Сергей Иванович поехал домой, чтобы успокоить жену, и передал ей все во всех подробностях. Добрая старуха пролила обильные слезы и только в последующих горячих молитвах Господу Богу черпала силы для перенесения тяжкого испытания.
Между тем ее муж действительно не терял ни минуты и принялся энергично действовать. Он отправил гонца в адресный стол за справками: где проживают Герасим Онуфриевич Онуфриев и Назар Назарович Мустафетов, находившийся тогда на свободе. Потом он пригласил в свой номер хозяина меблированных комнат.
— Какого вы мнения о моем сыне? — спросил старик.

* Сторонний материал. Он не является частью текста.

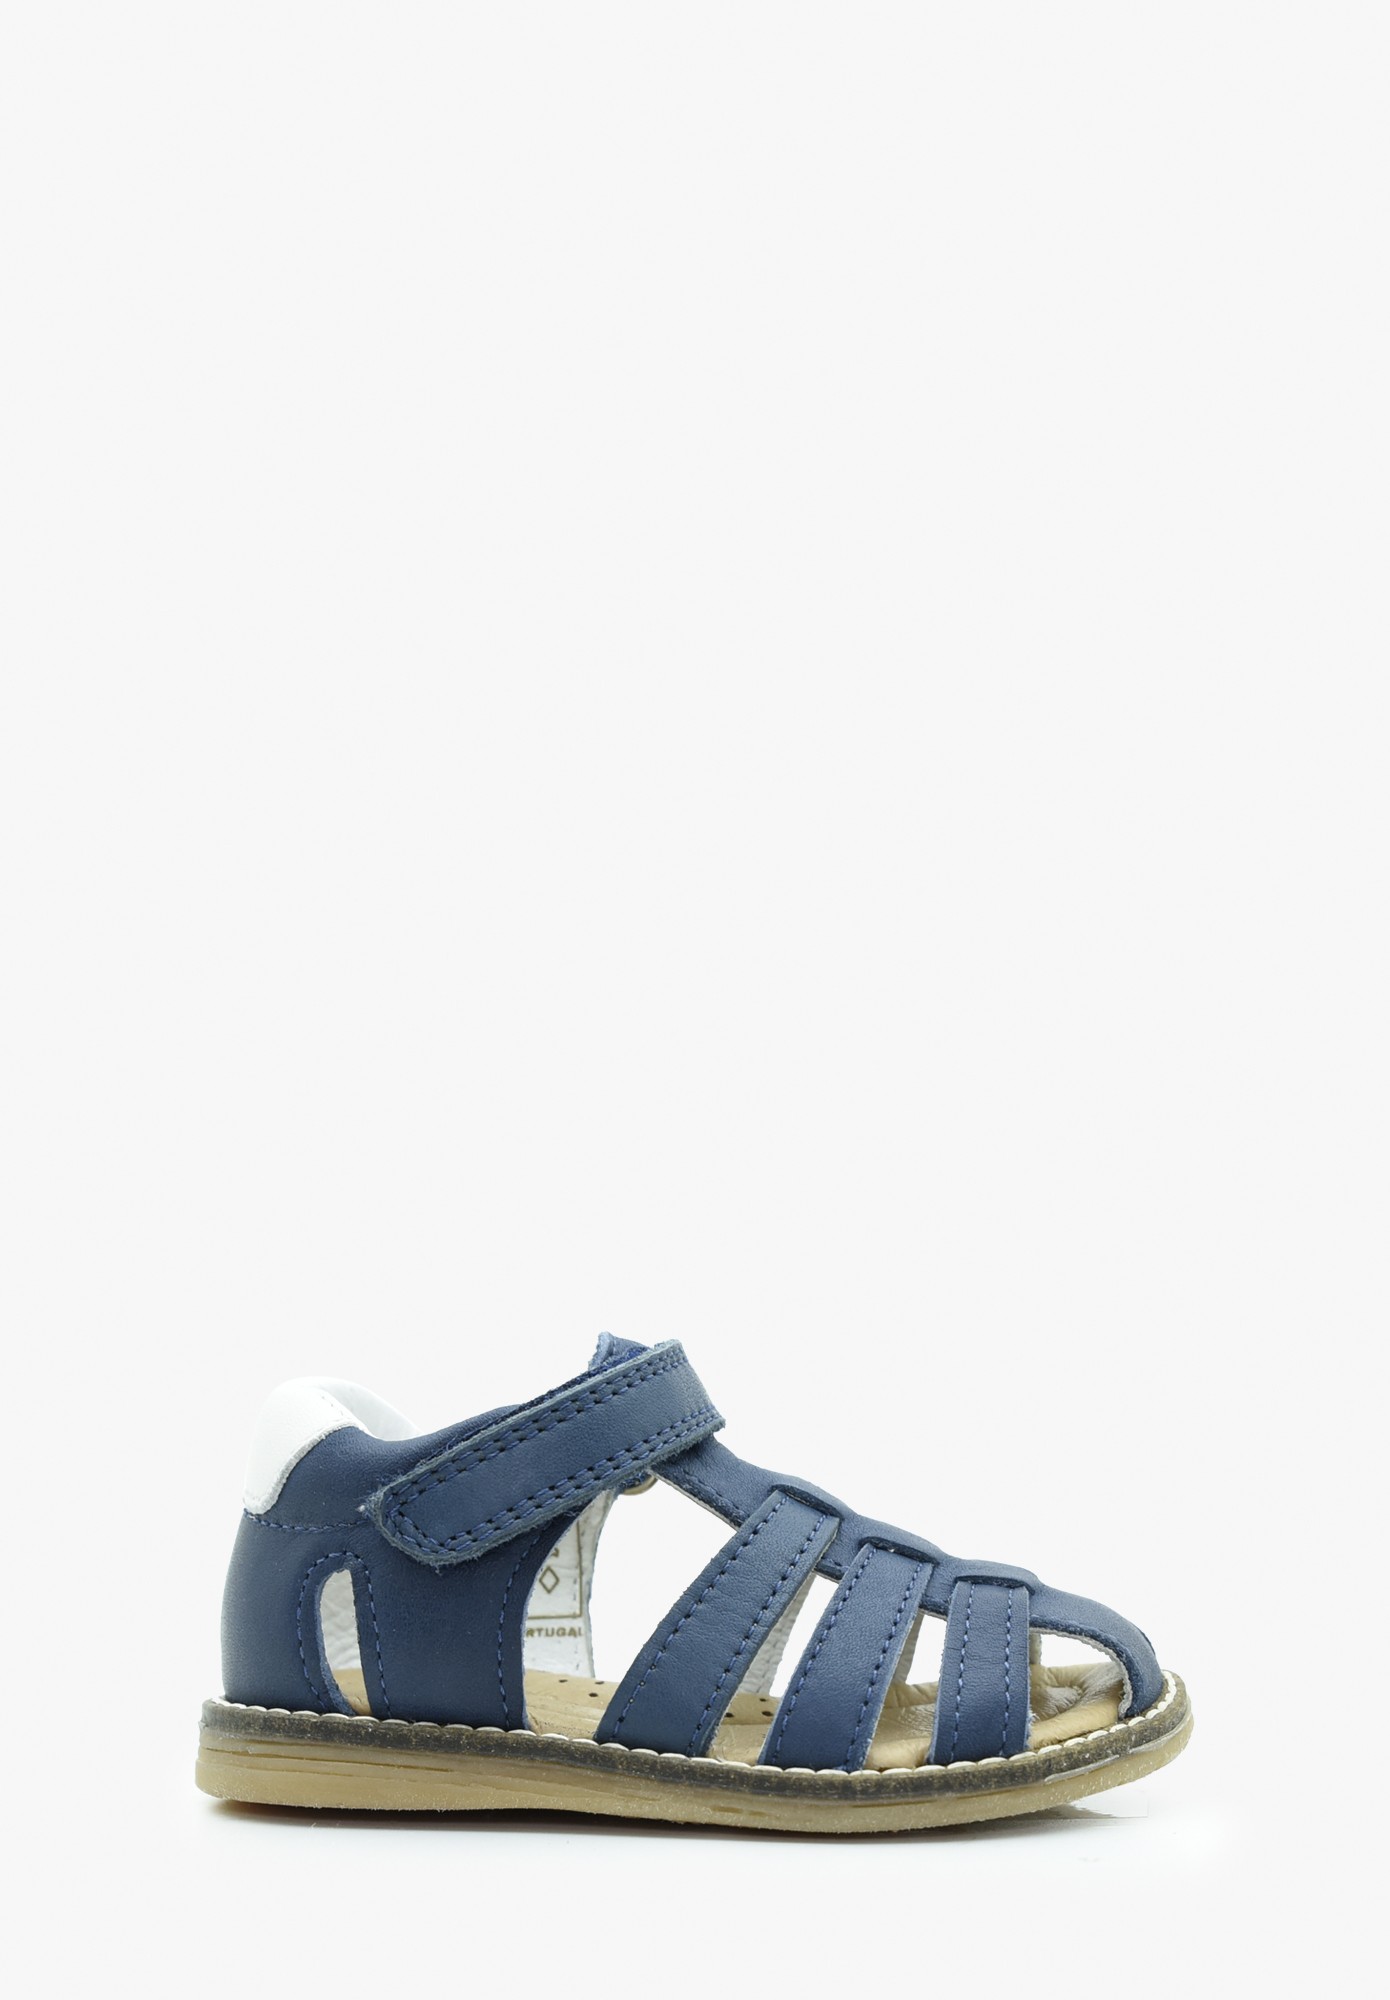 chaussure bébé - Sandale - Garçon

— Жалко молодого человека! — ответил тот. — И понять не могу… просто не верится даже. Еще студентом у нас он жил, а теперь вот уж скоро три года на службе состоит и все продолжал у нас квартировать. Такого другого жильца не найти. Благороден, обхождение имеет с последним служащим самое деликатное. Уплата за комнату всегда аккуратная. Просто ума не приложу.
— Хорошо, — ответил дрожащим от радости голосом отец. — Если бы понадобилось, согласились бы вы подтвердить под присягою?
— Всю правду всегда-с!
— Позвольте, — остановил его Сергей Иванович. — А если бы для спасения моего сына и для того, чтобы доказать его невиновность — клянусь вам истинным Богом, он ни в чем не повинен! — вам понадобилось несколько обеспокоить себя, согласились бы вы поехать… ну, к судебному следователю или даже к прокурору? За все расходы, за трату времени, конечно, я готов…
— За это денег не берут! — строго и наставительно прервал хозяин. — Я куда угодно, во всякое время, для правды готов, как долг велит.
— А найдется ли у вас в доме другое лицо, которое тоже согласилось бы в случае надобности постоять за моего сына? Только надо, чтобы это был человек понимающий.
— Конторщик у меня страшно об Анатолии Сергеевиче сокрушается. К тому же он сам человек с понятиями, аттестат зрелости имеет, да дальше пойти не мог за неимением средств: больную мать-старушку приходится ему содержать.
— Вот и прекрасно! Нельзя ли мне будет тоже и с ним переговорить?
— Сию минуточку пришлю.
Конторщик подтвердил обещанное хозяином, и Лагорин попросил его ‘быть наготове’.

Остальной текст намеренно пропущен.